BkP-CTF 2013 MITM

前两天BkP的CTF练习赛中的一道题，crypto 200，题目如下

message 1: QUVTLTI1NiBFQ0IgbW9kZSB0d2ljZSwgdHdvIGtleXM=

encrypted: THbpB4bE82Rq35khemTQ10ntxZ8sf7s2WK8ErwcdDEc=

message 2: RWFjaCBrZXkgemVybyB1bnRpbCBsYXN0IDI0IGJpdHM=

encrypted: 01YZbSrta2N+1pOeQppmPETzoT/Yqb816yGlyceuEOE=

ciphertext: s5hd0ThTkv1U44r9aRyUhaX5qJe561MZ16071nlvM9U=

看到最后的等号首先就想到了base64编码，decode之后得到

message1: AES-256 ECB mode twice, two keys

message2: Each key zero until last 24 bits

两轮AES-256加密，padding=ECB，key不一样，但是前面都是0x00，只有最后24位需要破解

密文都是2进制不可读，不贴了

题目提示了是256位(32字节的key)，前29个字节都是0，需要破解两个key的后3个字节，纯暴力方式需要尝试2²⁴ * 2²⁴ = 2⁴⁸ ≈ 2.81e14种可能，这么大的计算量，显然是不现实的。

暴力破解，估计要用到hadoop集群了。

其实，当时忽略了一个细节，就是题目：MITM，google一下出来的都是Man-in-the-middle Attack（中间人攻击），似乎跟这个题目半毛钱关系都没有，换用wikipedia得到了我们想要的东西：

Man-in-the-middle attack, a computer networking attack method
Meet-in-the-middle attack, a cryptographic attack method

很显然，Meet-in-the-middle attack应该就是我们想找的东西了

Assume the attacker knows a set of plaintext P and ciphertext C that satisfies the following:

C=ENCk2(ENCk1(P))

P=DECk1(DECk2©

where ENC is the encryption function, DEC the decryption function defined as ENC-1 (inverse mapping) and k1 and k2 are two keys.

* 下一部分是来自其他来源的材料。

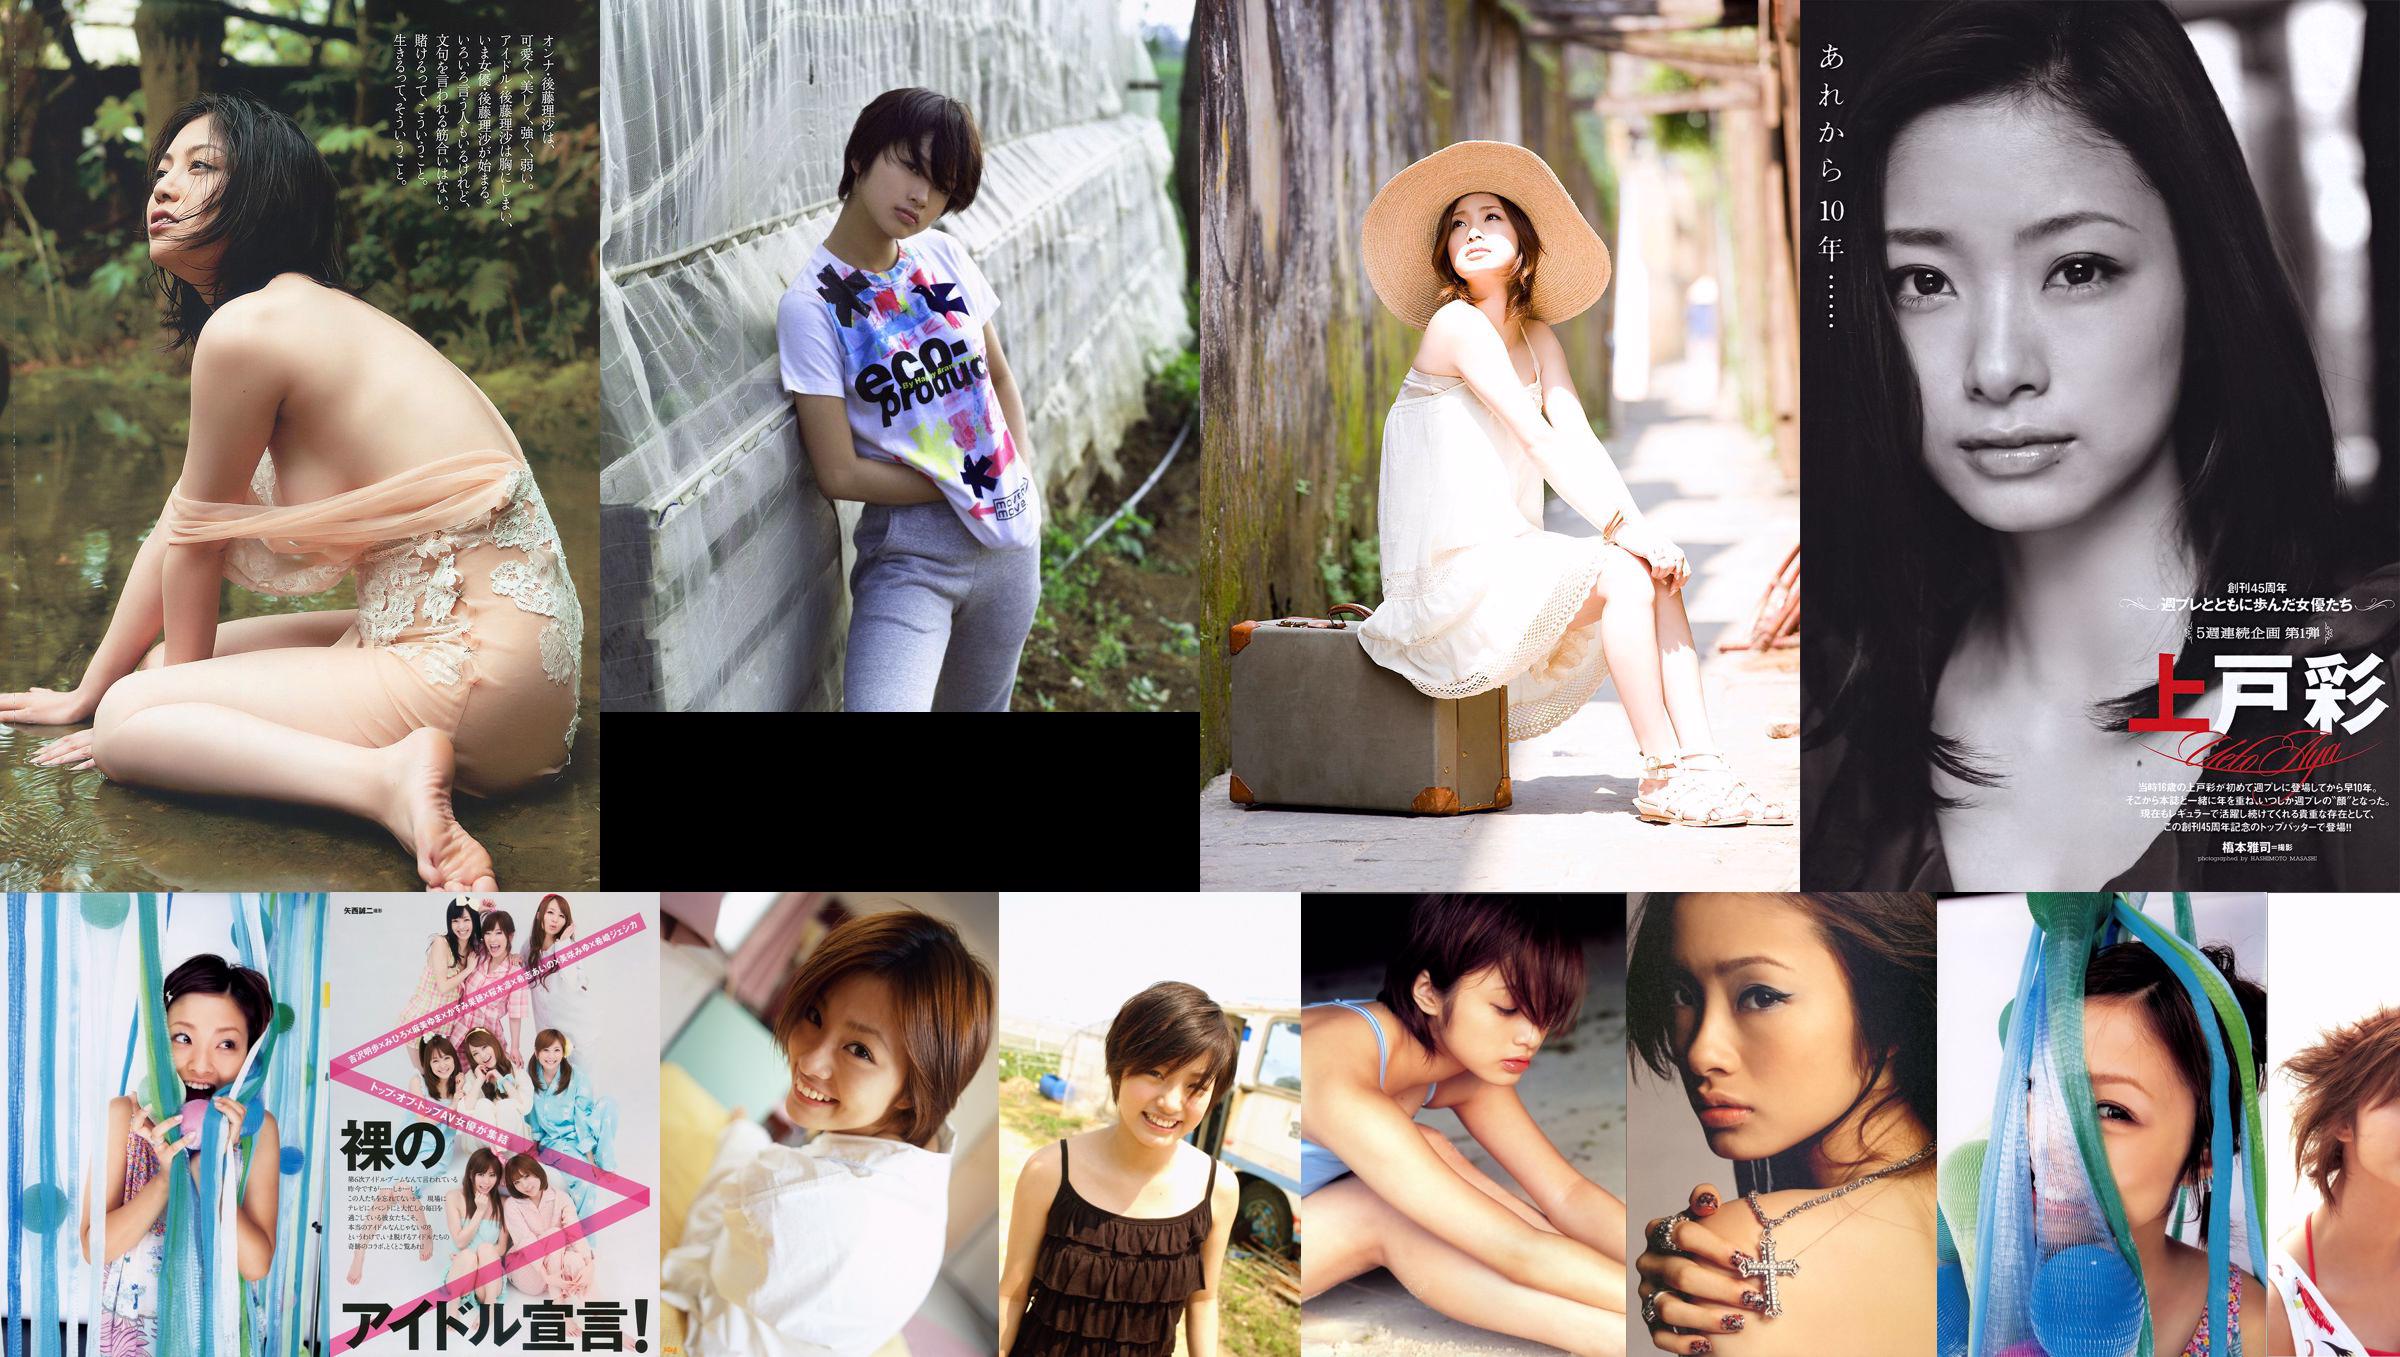 Aya Uedo, Aizawa, Kafei, AKB48 Shiraishi Miho, Goto Risa [Wekelijkse Playboy] 2010 No.19-20 Photo Magazine No.3d2026 Pagina 7
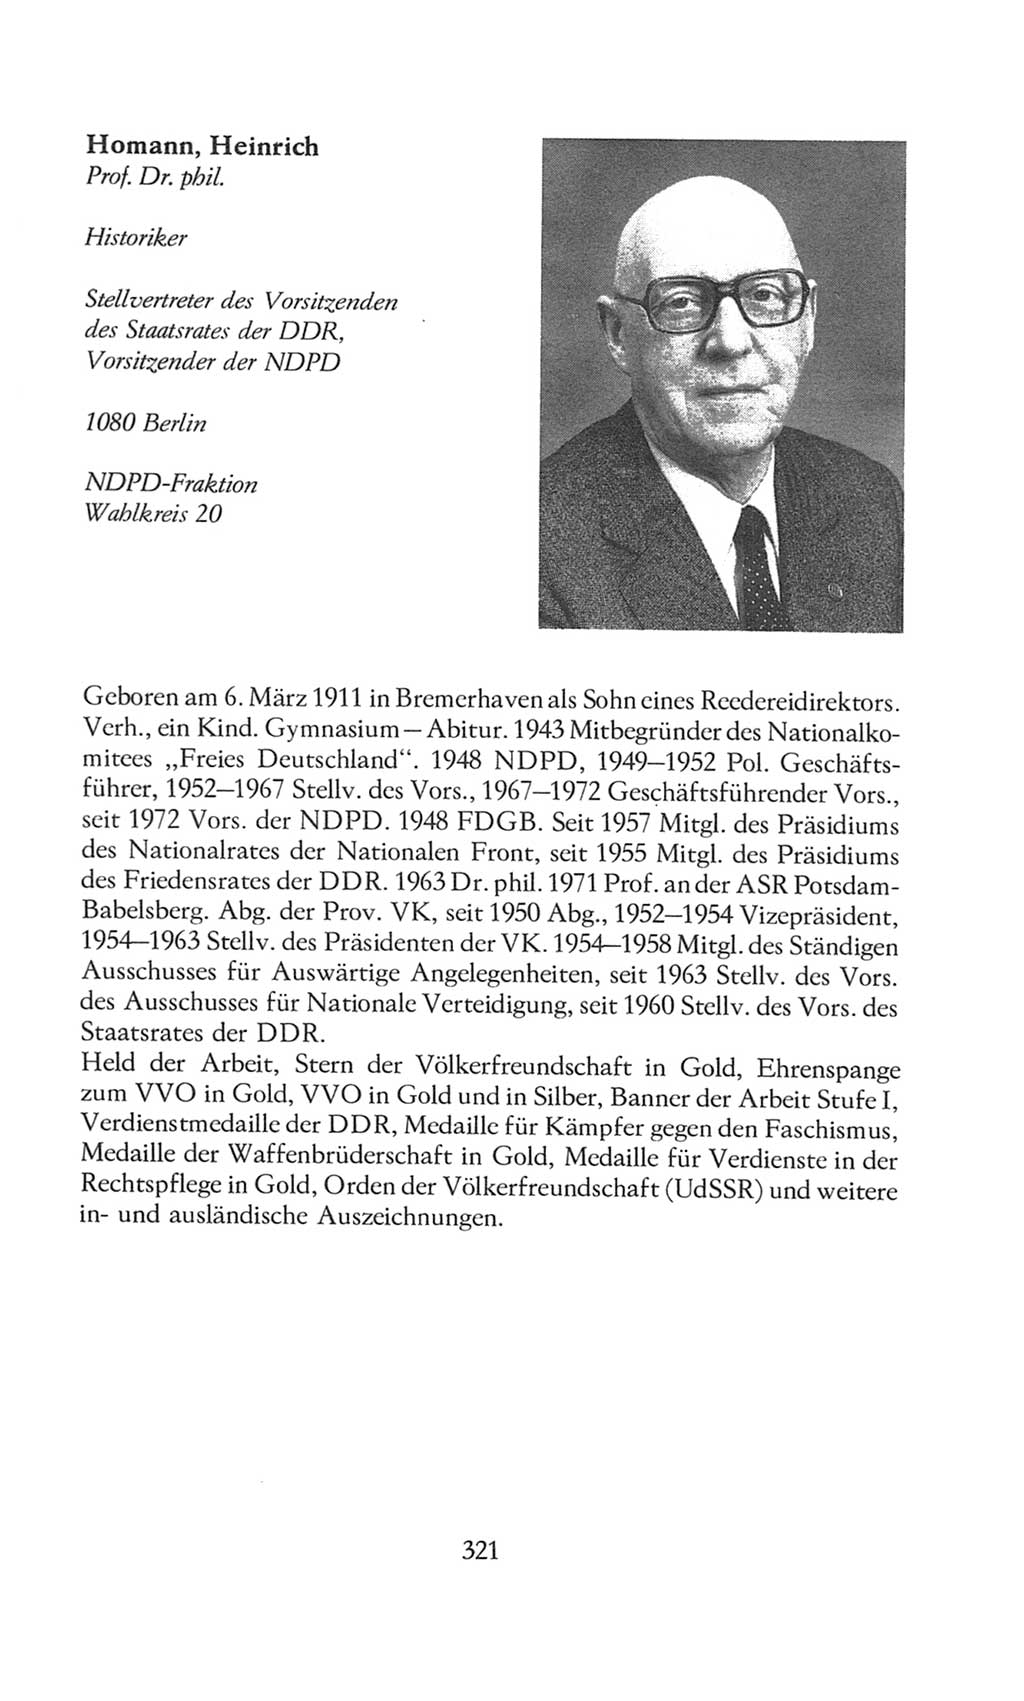 Volkskammer (VK) der Deutschen Demokratischen Republik (DDR), 8. Wahlperiode 1981-1986, Seite 321 (VK. DDR 8. WP. 1981-1986, S. 321)

The attacker can then compute ENCk1(P) for all possible keys k1. Afterwards he can decrypt the ciphertext by computing DECk2© for each k2. Any matches between these two resulting sets are likely to reveal the correct keys. (To speed up the comparison, the ENCk1(P) set can be stored in an in-memory lookup table, then each DECk2© can be matched against the values in the lookup table to find the candidate keys)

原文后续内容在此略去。